The Census Bureau said men who work full time and year-round got an average earnings boost of 3.4 percent in 2018, pushing their median salaries up to $55,291, a 3.4 percent gain after adjusting for inflation. Women gained 3.3 percent in wages, to bring their median salaries to $45,097 for full time, year-round work.
Trump’s wage gains may mark a historic shift in the nation’s economy.
This growth is already visible as a rising line at the end of a Census Bureau chart, which shows the flat-lined wages between 1973 and 2018. The flat wages followed 25 years of rapid wage growth in a low-immigration economy between 1959 and 1973,
Immigration Numbers:
Each year, roughly four million young Americans join the workforce after graduating from high school or university. This total includes about 800,000 Americans who graduate with skilled degrees in business or health care, engineering or science, software, or statistics.
But the federal government then imports about 1.1 million legal immigrants and refreshes a resident population of about 1.5 million white-collar visa workers — including approximately one million H-1B workers and spouses — and about 500,000 blue-collar visa workers.

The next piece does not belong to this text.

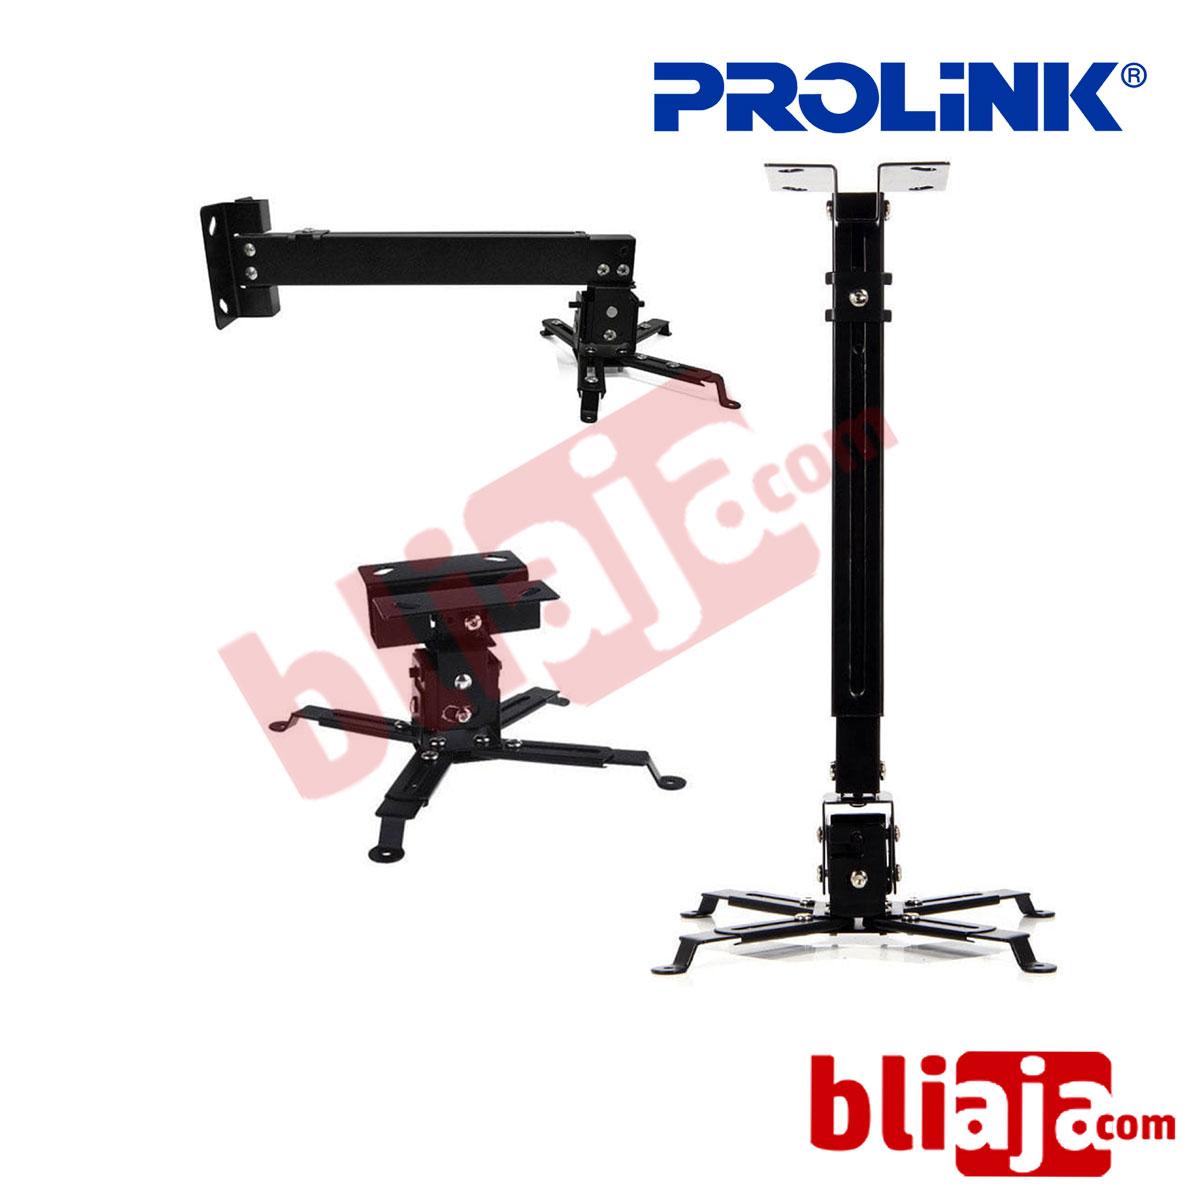 PROLINK PBK-100 PROJECTOR BRACKET

The government also prints out more than one million work permits for foreigners, it tolerates about eight million illegal workers, and it does not punish companies for employing the hundreds of thousands of illegal migrants who sneak across the border or overstay their legal visas each year.
This policy of inflating the labor supply boosts economic growth for investors because it transfers wages to investors and ensures that employers do not have to compete for American workers by offering higher wages and better working conditions.
This policy of flooding the market with cheap, foreign, white-collar graduates and blue-collar labor also shifts enormous wealth from young employees towards older investors, even as it also widens wealth gaps, reduces high-tech investment, increases state and local tax burdens, reduces marriage rates, and hurts children’s schools and college educations.
The cheap-labor economic strategy also pushes Americans away from high-tech careers and sidelines millions of marginalized Americans, including many who are now struggling with fentanyl addictions.
The labor policy also moves business investment and wealth from the Heartland to the coastal cities, explodes rents and housing costs, undermines suburbia, shrivels real estate values in the Midwest, and rewards investors for creating low-tech, labor-intensive workplaces.